Sous CsA (durée médiane 12 mois [6–24]), les taux de réponse complète (RC), partielle (RP) et globale (ROG) à 3 mois étaient de 16 % (4/25), 36 % (9/25) et 52 % (13/25). À 6 mois, ces taux augmentaient à 24 % (6/25), 40 % (10/25) et 64 % (16/25). En fin de suivi (médiane 14 mois [8–40]), ils atteignaient 36 % (9/25), 44 % (11/25) et 80 % (20/25). Les paramètres sanguins moyens passaient à HGB 100 ± 20 g/L, ANC 2,3 ± 1,0 × 10⁹/L, et PLT 92 ± 81 × 10⁹/L. Le ratio CD4/CD8+ (mesuré chez 15 patients) évoluait de 1,05 ± 1,20 à 1,62 ± 2,05 (P = 0,263).
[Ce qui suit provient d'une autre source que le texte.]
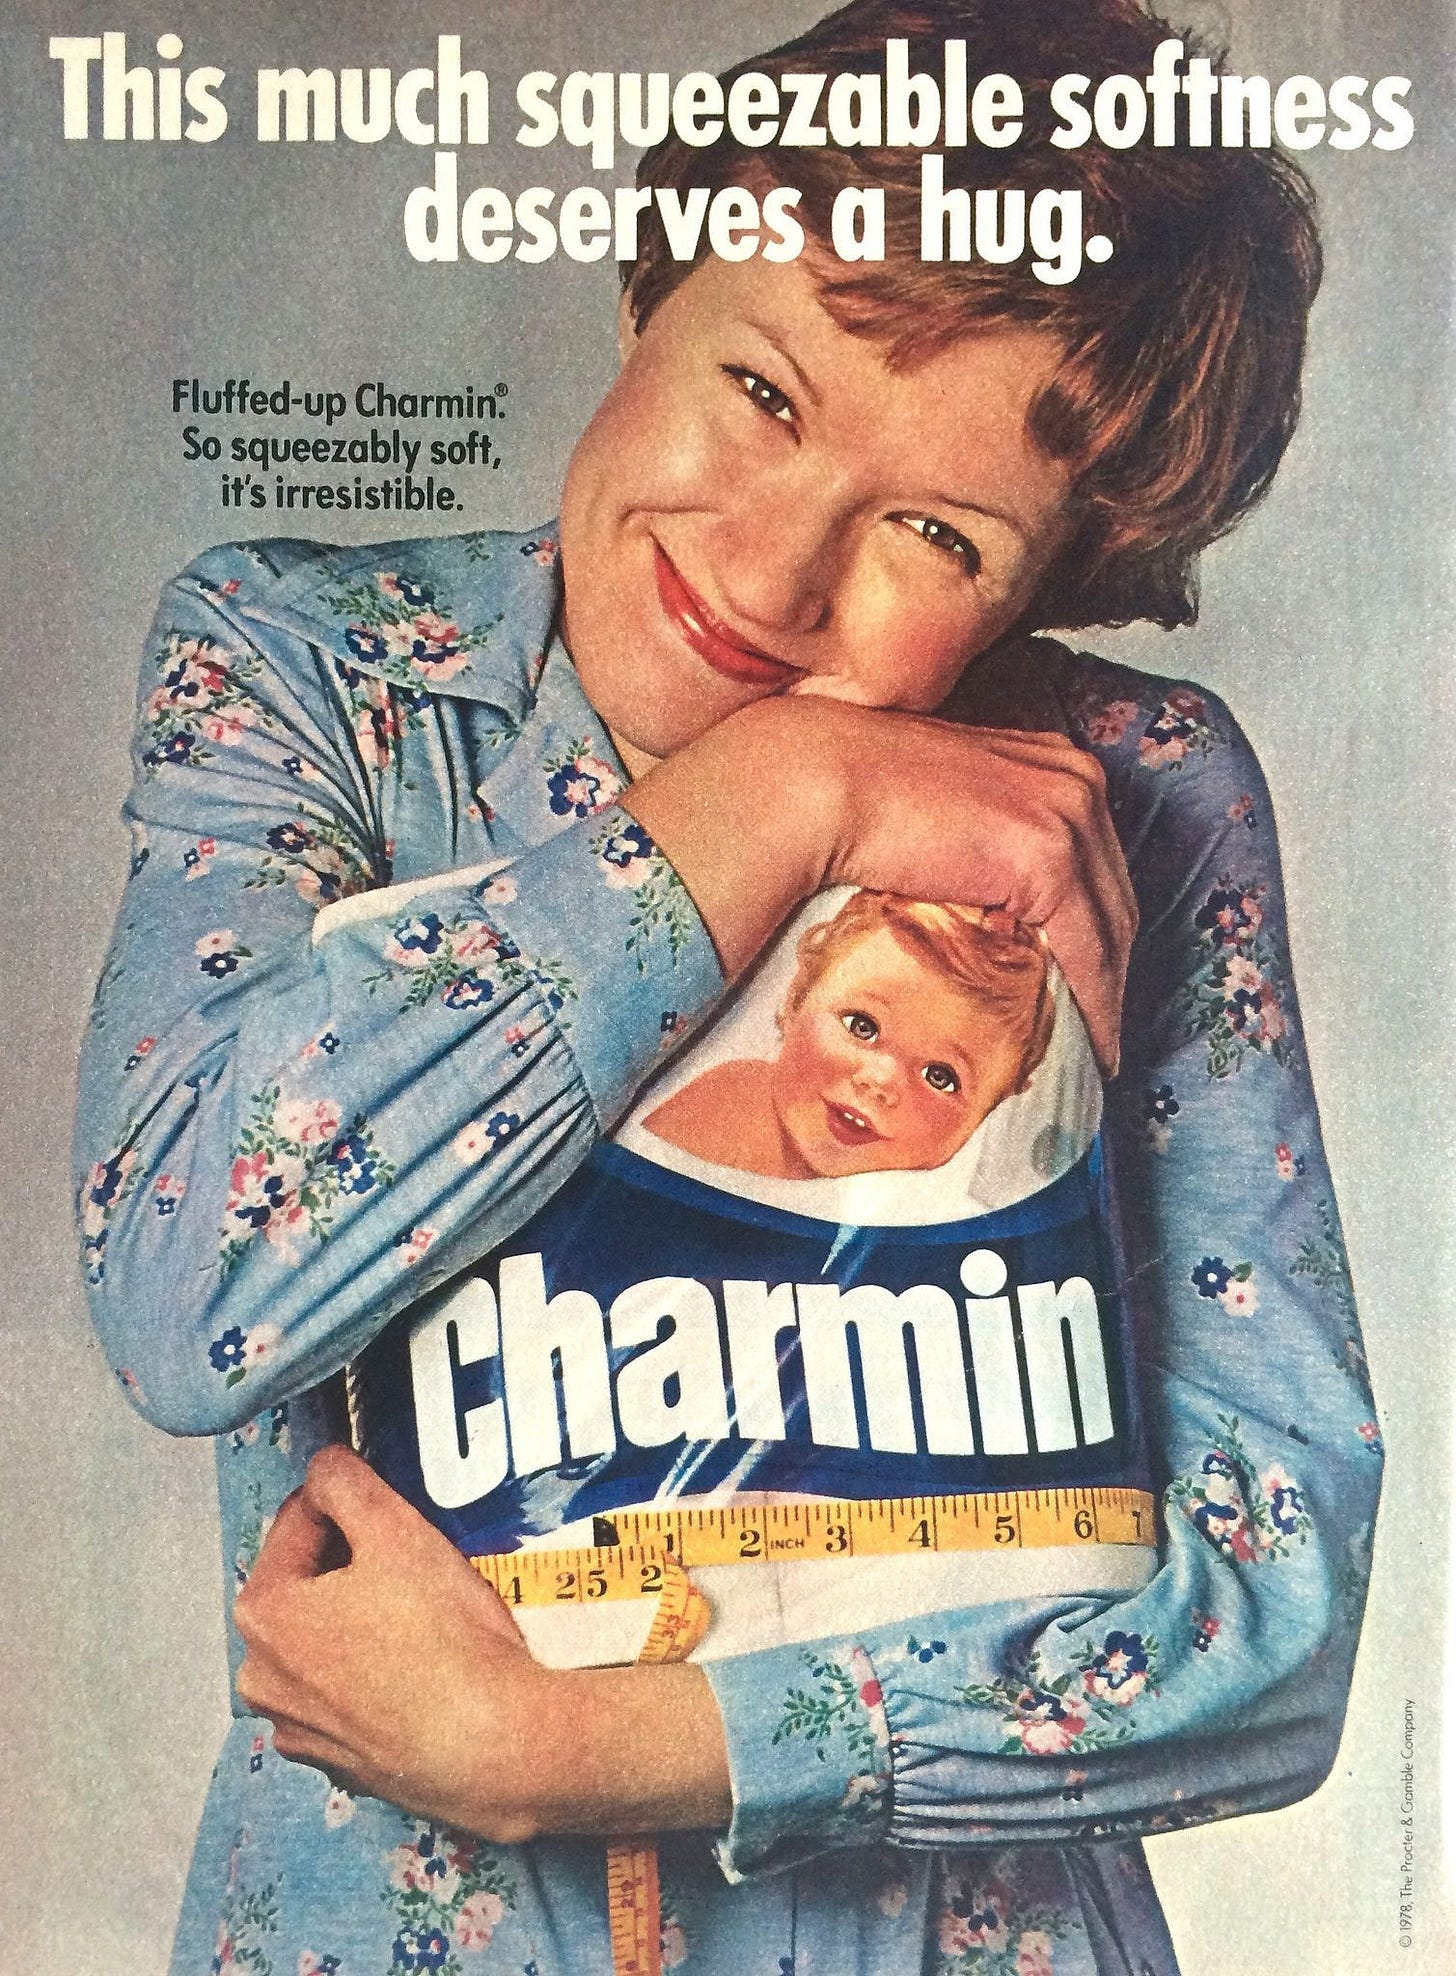 1970s: Charmin | Commercial advertisement, Vintage ads, Fun

Les effets indésirables étaient modérés : élévation de la créatinine (1 patient, 4 %), hyperplasie gingivale (4, 16 %), bilirubine élevée (3, 12 %), troubles gastro-intestinaux (3, 12 %). Aucune progression tumorale n’a été observée. Deux patients en RC ont pu reprendre une chimiothérapie (4 cycles pour un cancer du sein, 2 cycles pour un cancer rénal) après interruption temporaire de la CsA.

Discussion
Cette étude souligne l’importance d’exclure une myélosuppression transitoire avant de poser le diagnostic d’AA. Les mécanismes impliqués pourraient refléter une destruction immune des cellules souches hématopoïétiques, similaire à l’AA primaire. Bien que l’échantillon soit limité, les taux de réponse à la CsA dépassent ceux observés dans l’AA primaire, possiblement en raison d’une atteinte moins sévère. Les effets indésirables étaient comparables à ceux décrits précédemment, sans impact sur le statut tumoral.
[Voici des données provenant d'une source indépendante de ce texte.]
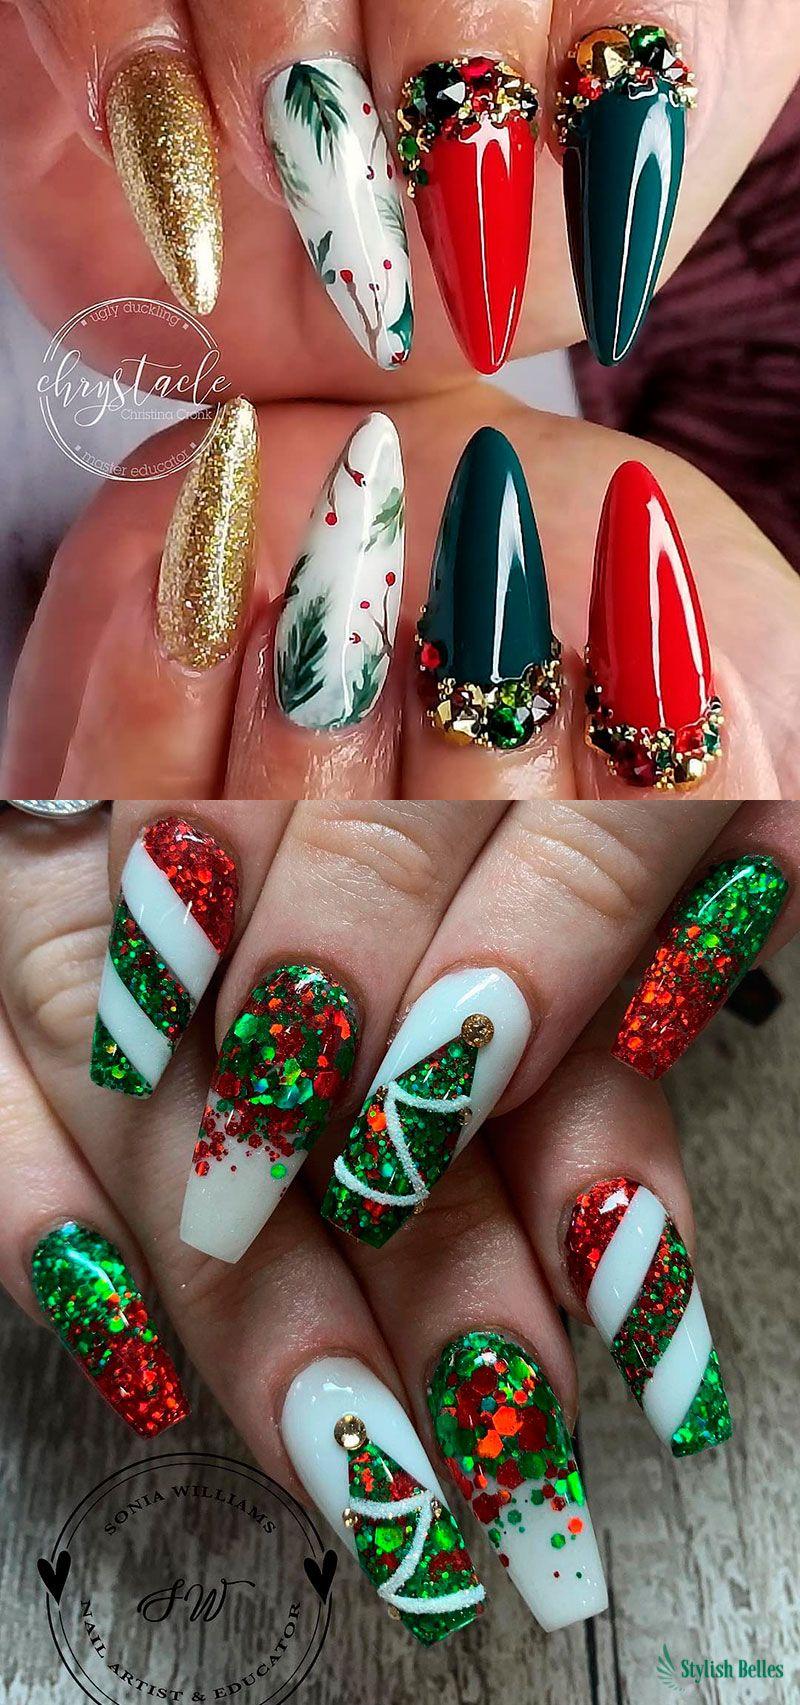 Cute Christmas Nails ideas for Celebration! #christmasnails #christmasnailart #christmasnaildesign #Christmas2018 #nailideas

La CsA, immunosuppresseur utilisé dans l’AA primaire pour moduler les cellules Treg, a permis à deux patients de reprendre une chimiothérapie, évitant ainsi une rechute tumorale. Cependant, un suivi à long terme est nécessaire pour évaluer les risques potentiels de progression tumorale.

Conclusion
La CsA est une option efficace et sûre pour traiter l’AA secondaire à la chimioradiothérapie, avec des taux de réponse élevés et une toxicité gérable. Ces résultats, bien que préliminaires, offrent une perspective thérapeutique pour les patients ne répondant pas aux traitements de support, et soulignent la nécessité d’études plus larges pour établir des recommandations standardisées.